Ruhrstadion Bochum (Foto: Roland W. Waniek)

Am Donnerstag beförderte nicht nur die umstrittene vorzeitige Vertragsverlängerung von Sportdirektor Sebastian Kehl beim BVB die Diskussionen unter den Fußballfans hier im Ruhrgebiet. Noch stärker als diese Entscheidung sorgte ein Urteil des DFB-Sportgerichts für Aufsehen. Dieses hatte dem VfL Bochum erstinstanzlich alle drei Punkte aus dem Skandalspiel bei Union Berlin zugesprochen, welches eigentlich mit einem 1:1-Unentschieden geendet hatte.

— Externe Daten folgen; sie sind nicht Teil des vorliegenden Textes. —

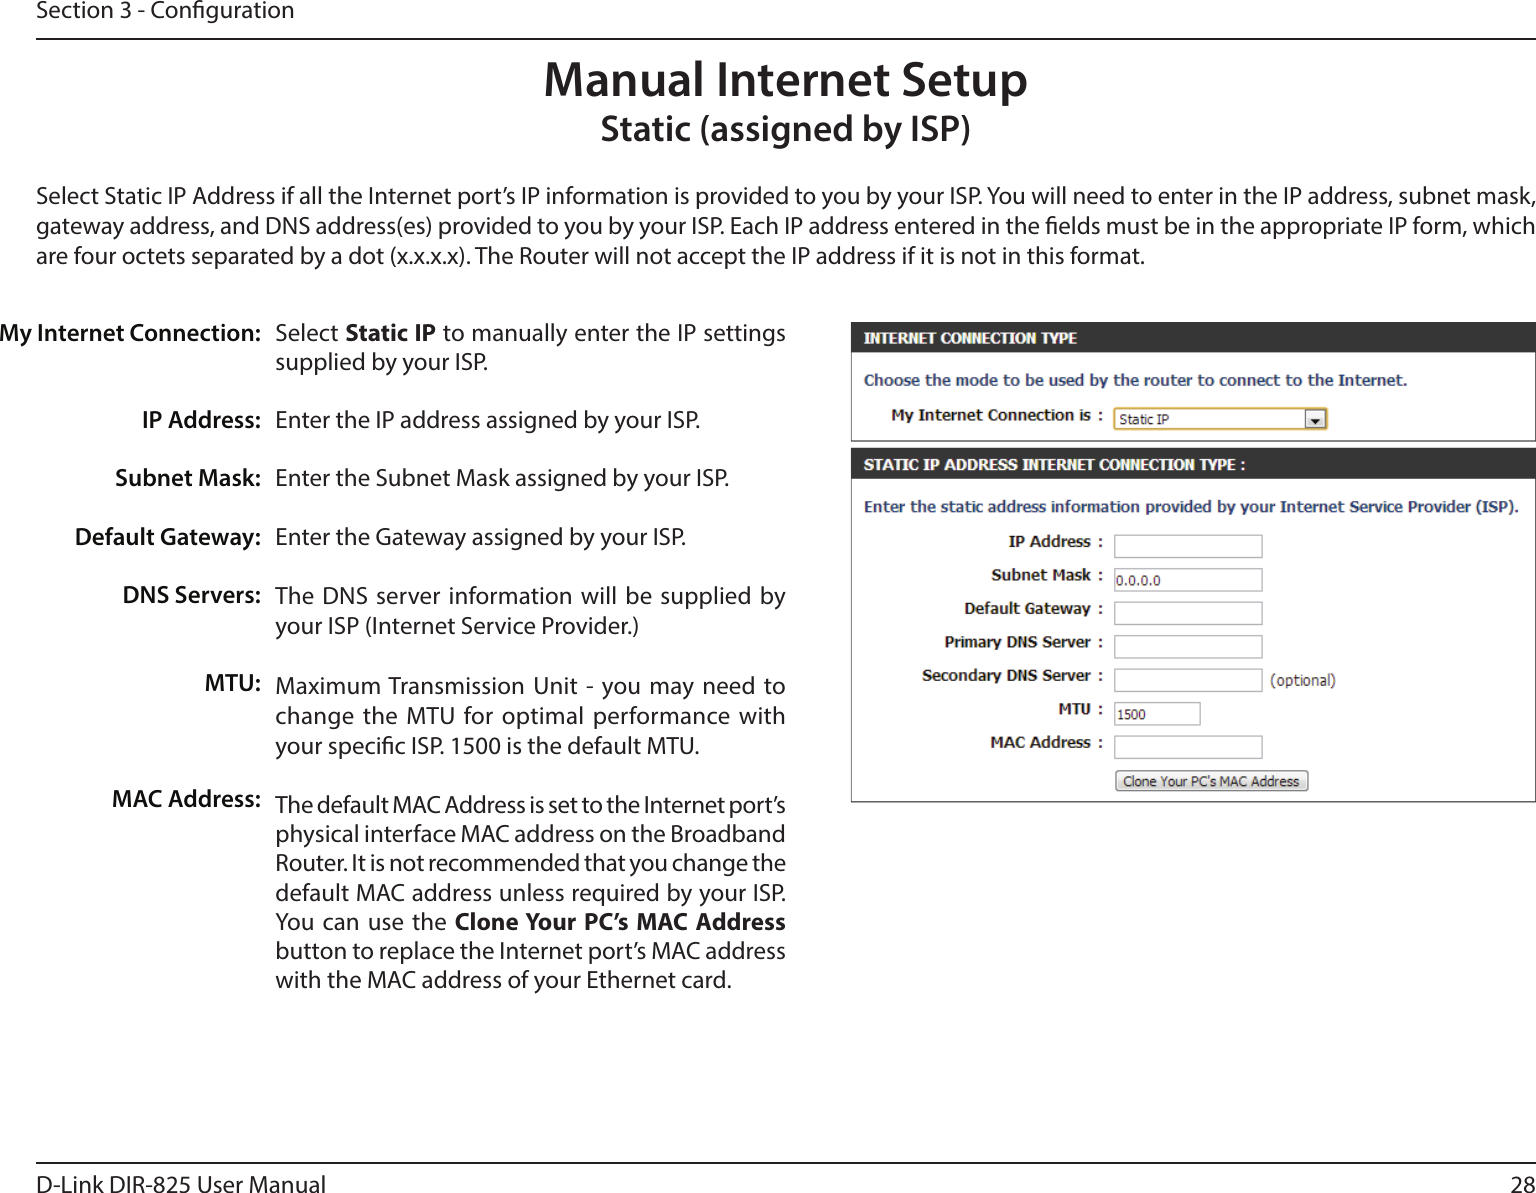 28D-Link DIR-825 User ManualSection 3 - CongurationSelect Static IP to manually enter the IP settings supplied by your ISP.Enter the IP address assigned by your ISP.Enter the Subnet Mask assigned by your ISP.Enter the Gateway assigned by your ISP.The DNS server information will be supplied by your ISP (Internet Service Provider.)Maximum Transmission Unit - you may need to change the MTU for optimal performance with your specic ISP. 1500 is the default MTU.The default MAC Address is set to the Internet port’s physical interface MAC address on the Broadband Router. It is not recommended that you change the default MAC address unless required by your ISP.  You can use the Clone Your PC’s MAC Address button to replace the Internet port’s MAC address with the MAC address of your Ethernet card.My Internet Connection:IP Address:Subnet Mask:Default Gateway:DNS Servers:MTU:MAC Address:Manual Internet SetupStatic (assigned by ISP)Select Static IP Address if all the Internet port’s IP information is provided to you by your ISP. You will need to enter in the IP address, subnet mask, gateway address, and DNS address(es) provided to you by your ISP. Each IP address entered in the elds must be in the appropriate IP form, which are four octets separated by a dot (x.x.x.x). The Router will not accept the IP address if it is not in this format.

Nachdem VfL-Torwart Patrick Drewes in der Nachspielzeit von einem Feuerzeug am Kopf getroffen wurde und das Spiel erst nach einer gut 20-minütigen Unterbrechung und ohne Drewes fortgesetzt werden konnte, erhielt der VfL am „Grünen Tisch“ einen 2:0-Sieg zugesprochen. Das Urteil kam für langjährige Beobachter der Szene nicht wirklich unerwartet, könnte uns alle aber noch für lange Zeit beschäftigen.

Man stelle sich nur einmal vor, die Bochumer hielten am Ende auch dank dieser zwei Zähler tatsächlich noch die Klasse. Die Entscheidung der Sportrichter in Frankfurt am Main hätte eine Dimension und Reichweite erreicht, wie sie keinem Fußballfan gefallen kann.